The idea of persistence extends to the database as a whole. In taking on the Jewish Newspapers Project, the Carnegie Mellon University Libraries promised to maintain the database and its website in perpetuity, adding yet another task to the day-to-day responsibilities of the Carnegie Mellon University Libraries’ IT staff. The task of maintaining the server is a policy issue, supported through the infusion of human resources from the IT staff, as needed to stay on top of the task. Making changes to one server is less confusing and costly than having to make changes to dozens of locations. Another advantage that persistence offers is that it allows the end user to access each digital object from the web directly by using the URL. This allows for direct links from bibliographic citations and footnotes.

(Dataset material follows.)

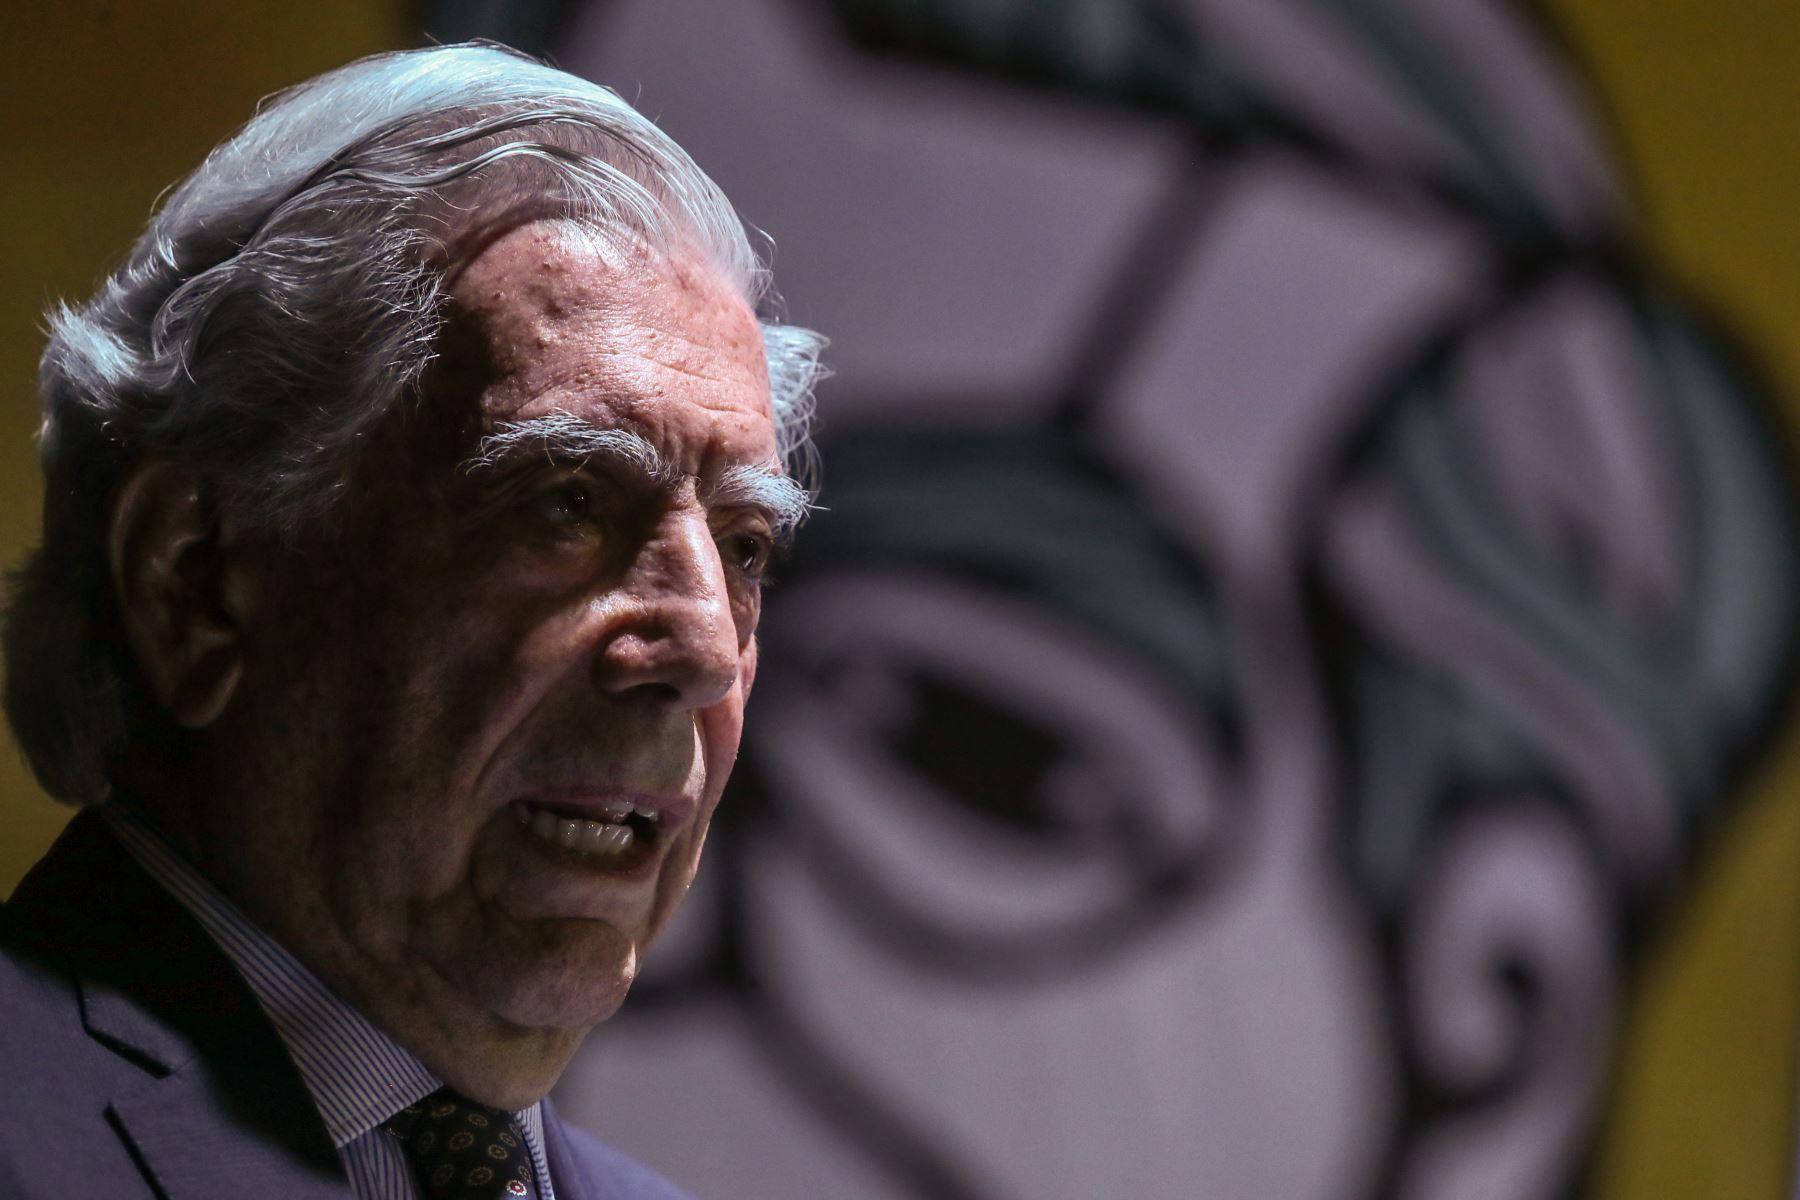 Mario Vargas Llosa, premio Nobel de Literatura, participo en la ceremonia de inauguración de la 24ª Feria Internacional del Libro de Lima.FotoANDINA/Prensa Presidencia

When digitizing a serial with multiple issues the question arises as to how to describe the serial and each of its parts. Each of the three newspapers received a MARC record and was catalogued in OCLC. The MARC record describes each collection as a whole and does not describe individual issues within a collection. It was possible to create a MARC record with a persistent URL in the 856 field for each issue, but this would have been cumbersome. [8] Instead, a web page was created for the project where each of the journals was described and given a persistent URL placed in the 856 field in the MARC record that points to the web page.
For all of the digital projects housed at Carnegie Mellon University Libraries, a PostgreSQL database is employed using an Apache model modrewrite which rewrites the URL on the fly. This allows a seamless transition from the old URL to the new URL for the end user. To create persistent URLs the technical members of the project team at Carnegie Mellon made a conscious choice to loosely base the database upon the CNRI Handle System DOI model in case the standard does survive. [9] However, they do not feel confident that the model will survive over the long-term and believe it is important to keep the architecture flexible in case the DOI model disappears. The database itself is small and does not require a designated server.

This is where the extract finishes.